= Required action =
What's needed is an exact copy of all the data below, without pictures.

= Information shown =
· · ·

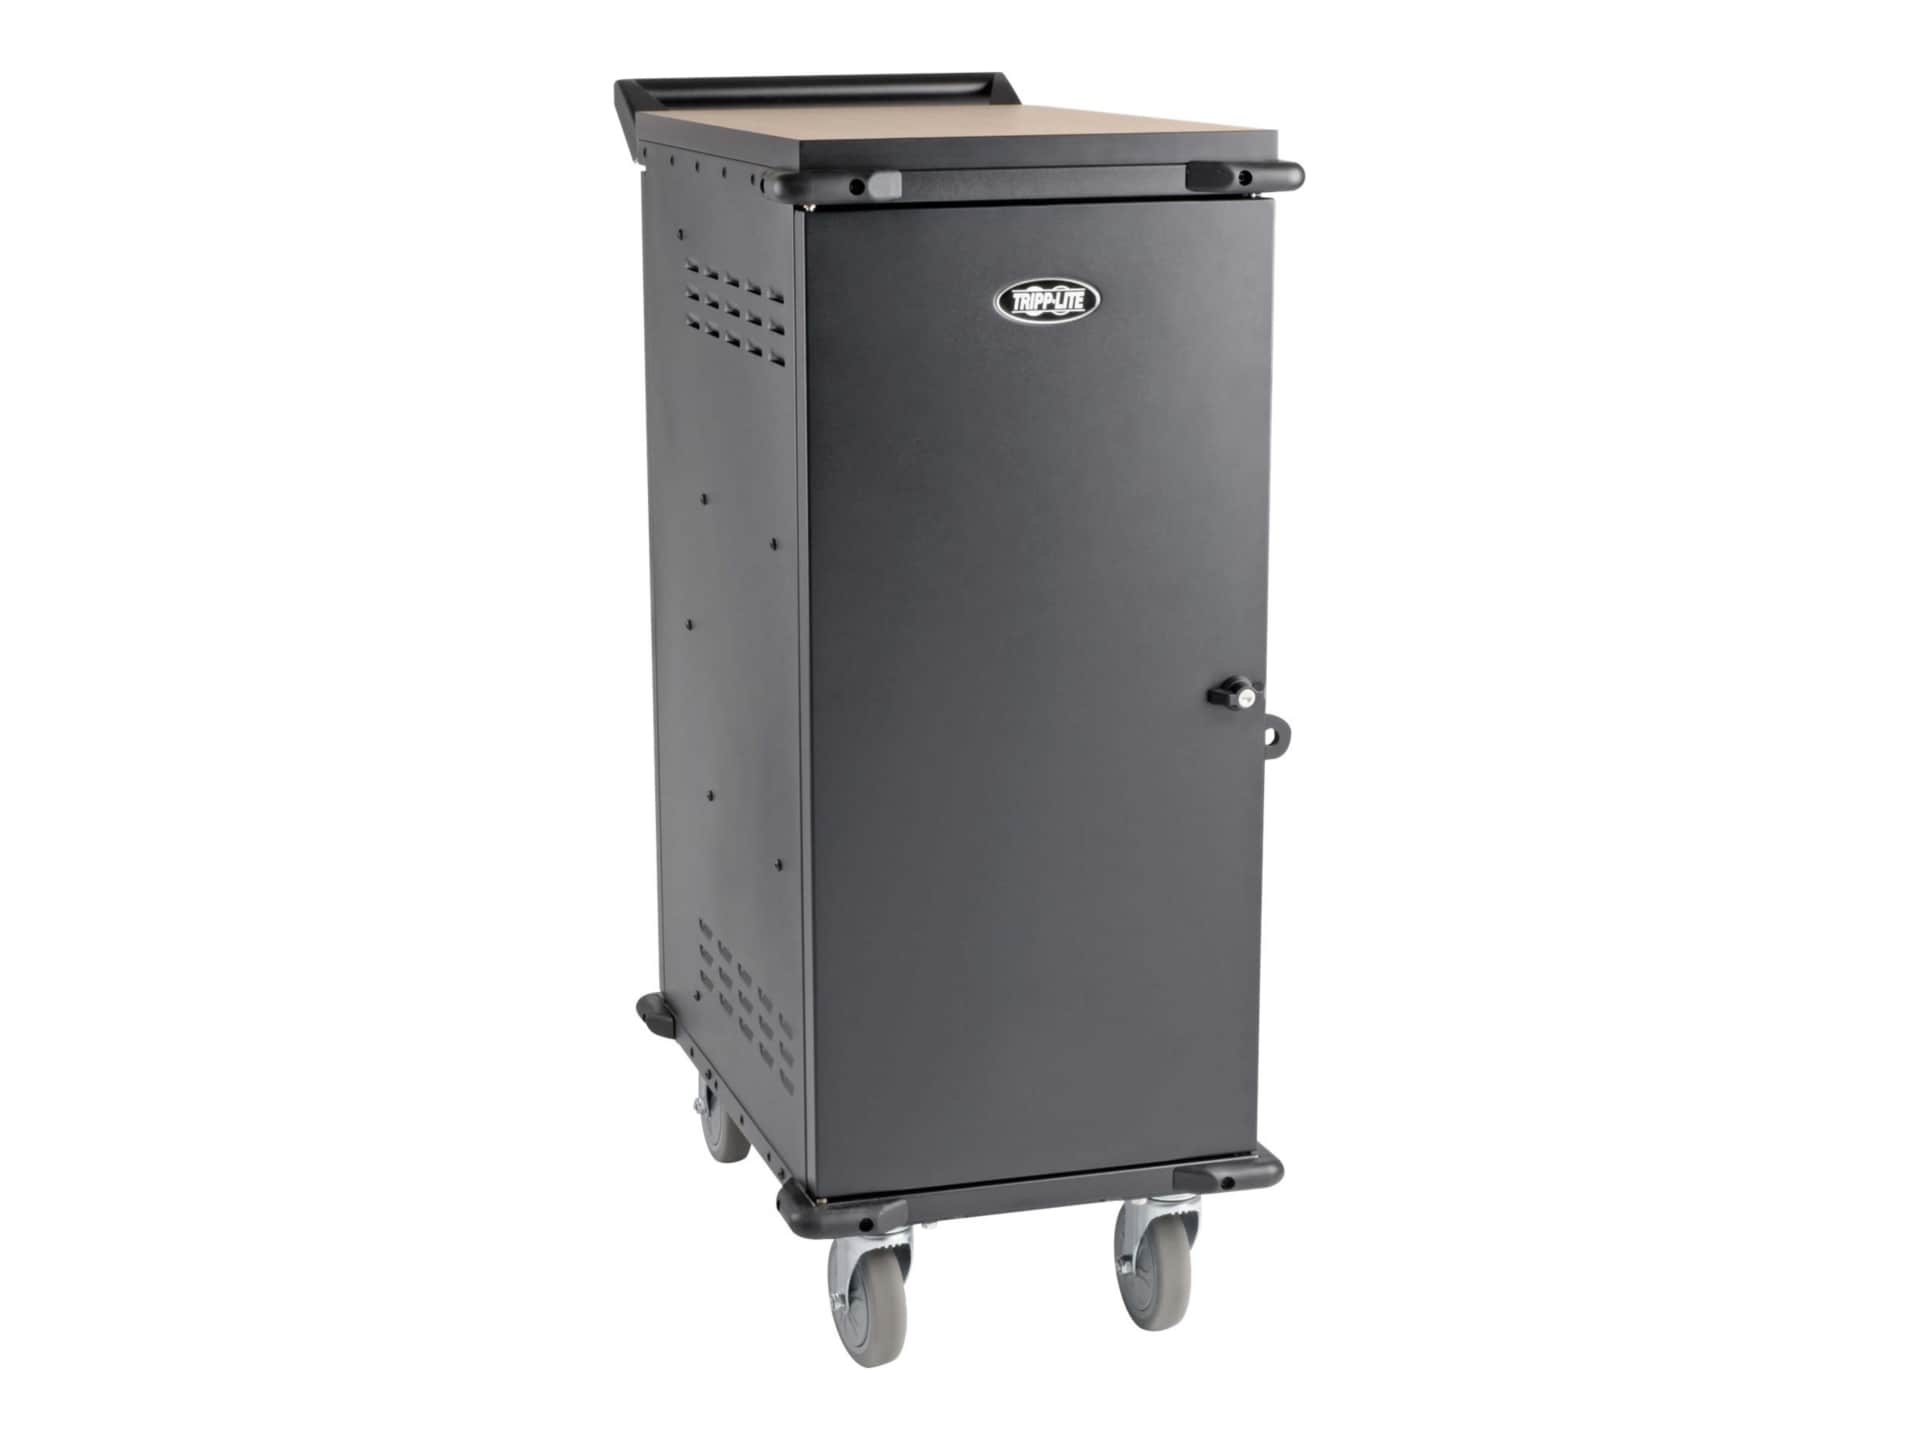 Tripp Lite 21-Device AC Charging Station for Laptops and Chromebooks - 120V, NEMA 5-15P, 10 ft. Cord, Black - cart - for
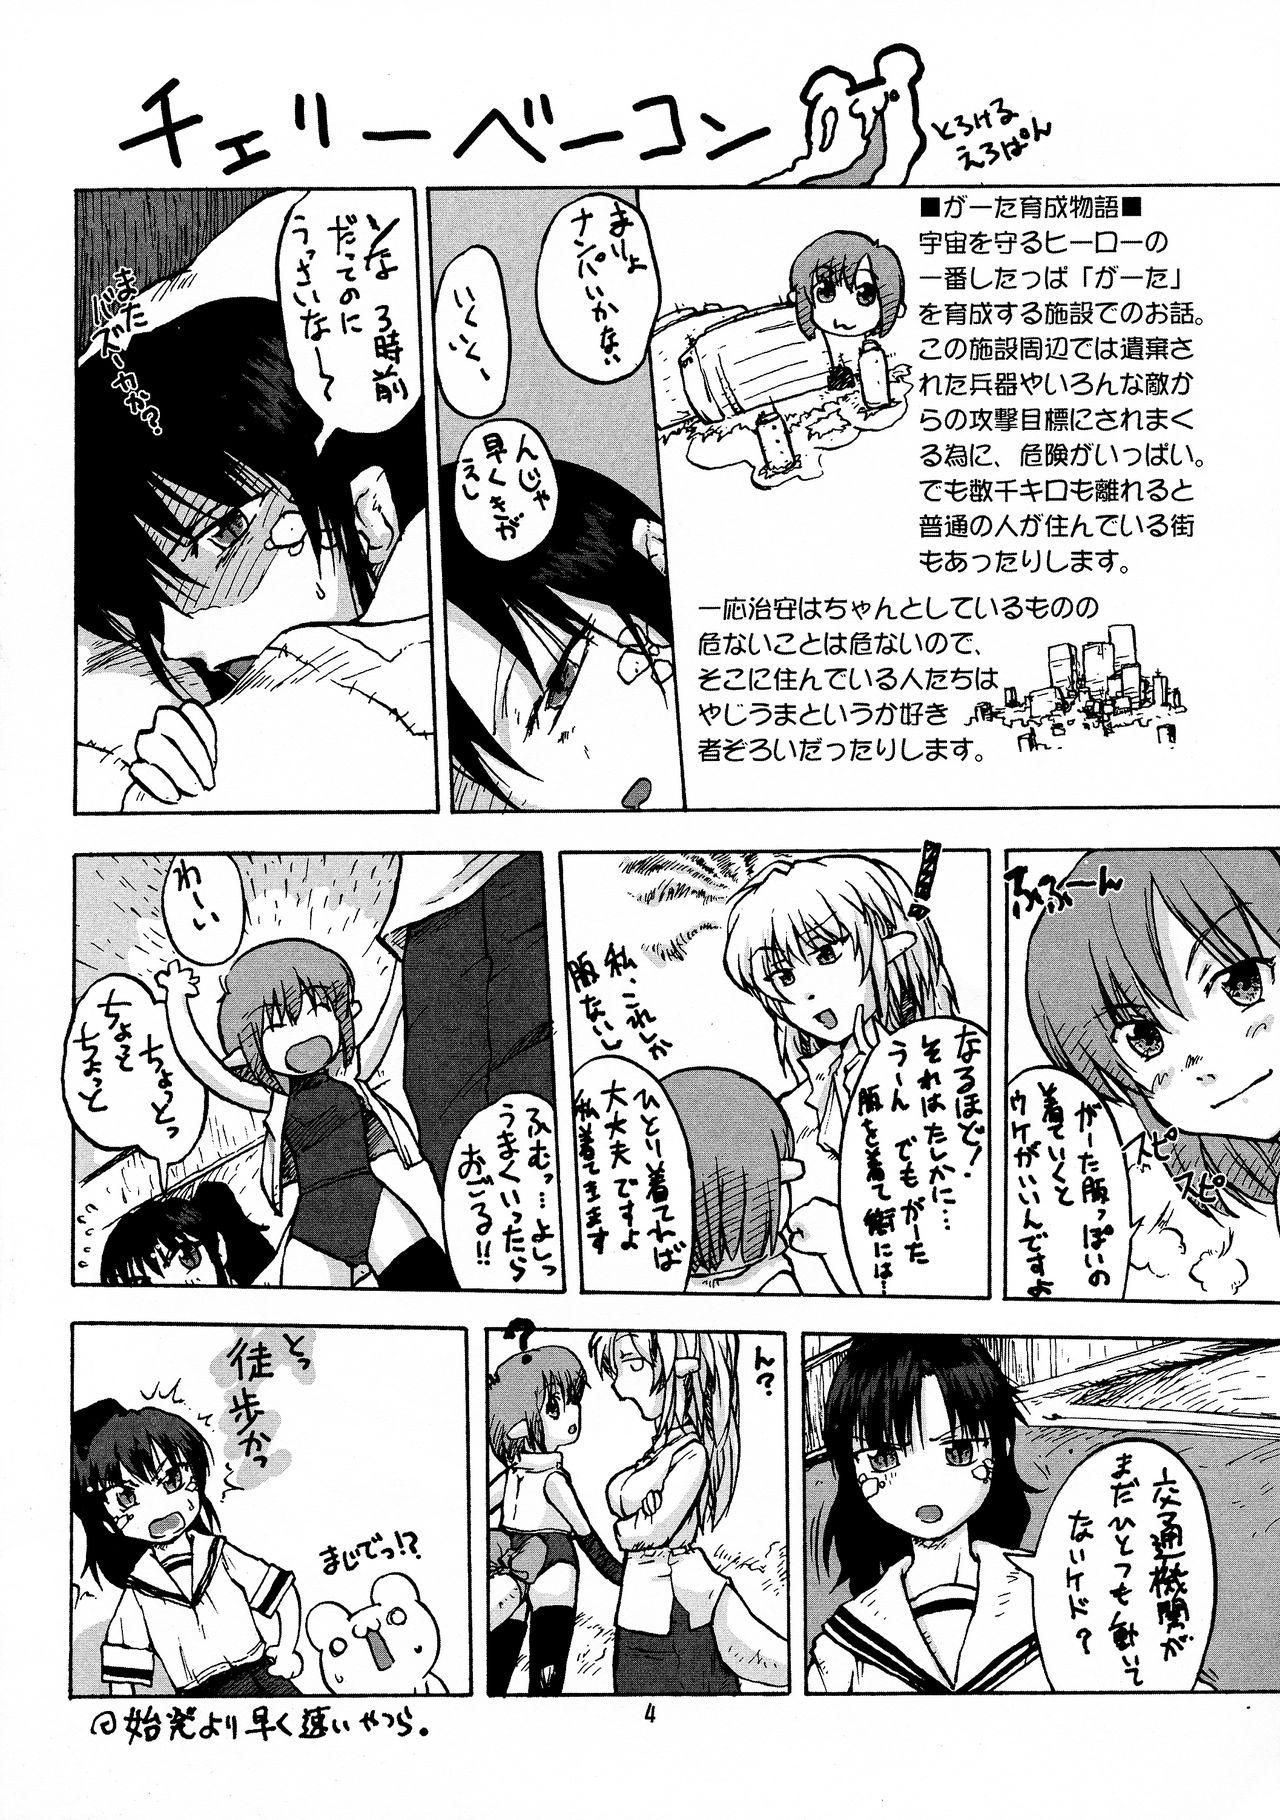 Manga Chocolate Bustier vol. 2 3
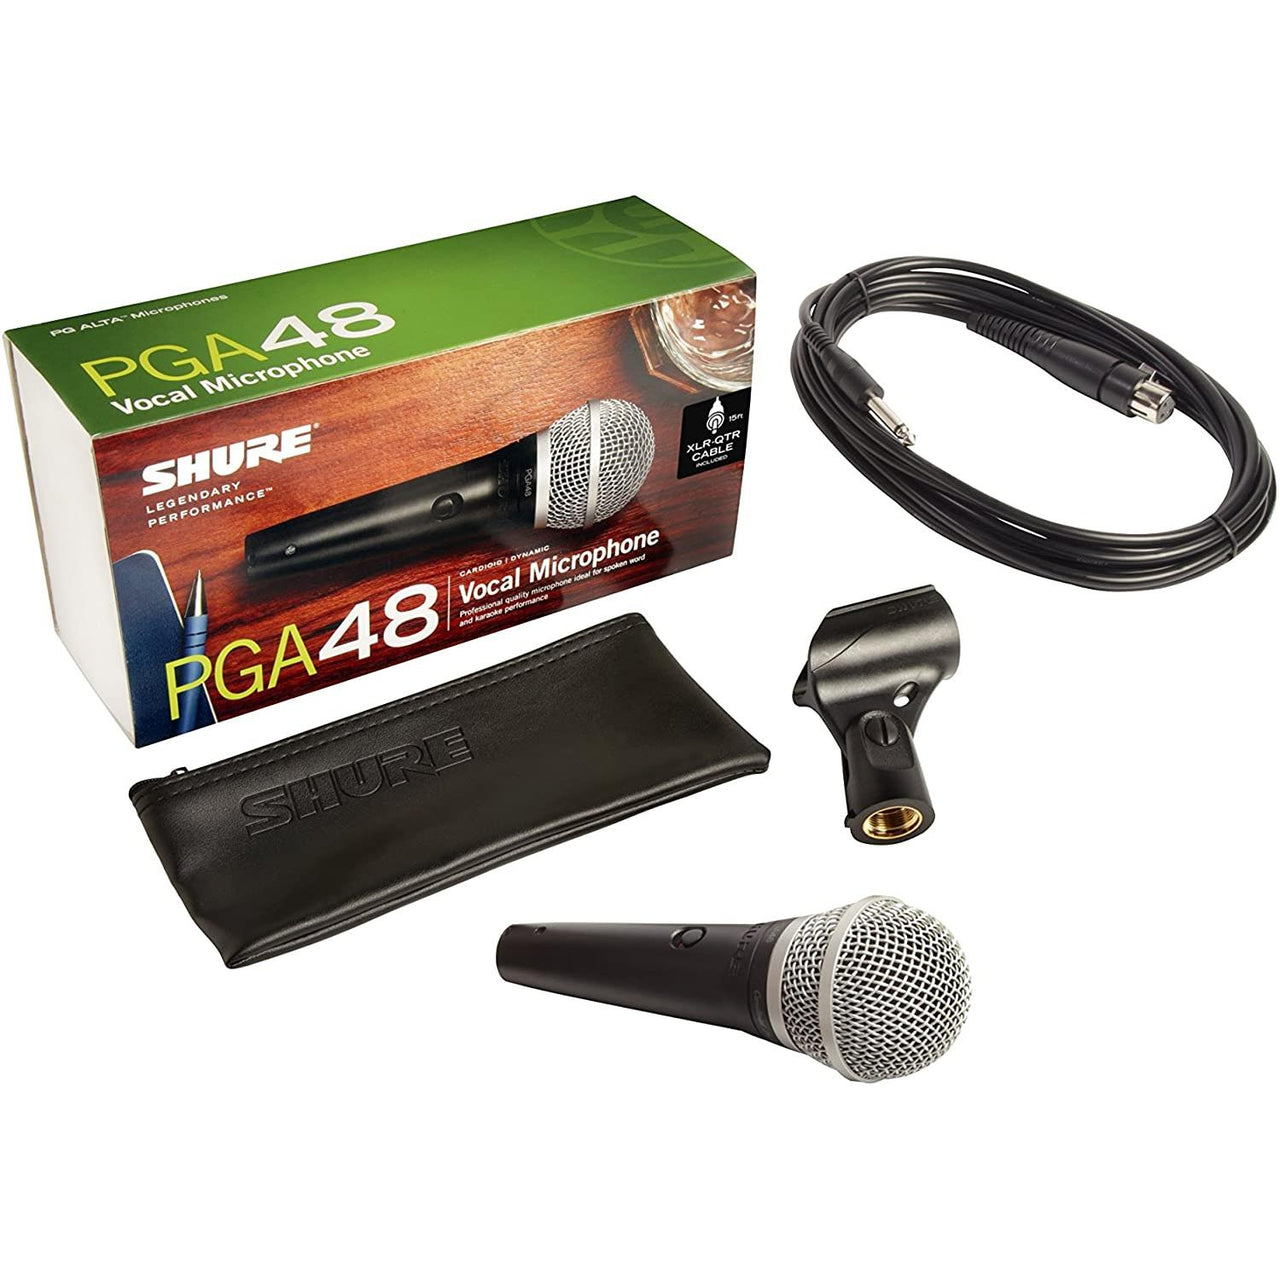 Microfono Shure Bobina Movil C/Cable, Pga48-Qtr

· · ·

= Response to this task =
 Tripp Lite 21-Device AC Charging Station for Laptops and Chromebooks - 120V, NEMA 5-15P, 10 ft. Cord, Black - cart - for
 Manga Chocolate Bustier vol. 2 3
 Microfono Shure Bobina Movil C/Cable, Pga48-Qtr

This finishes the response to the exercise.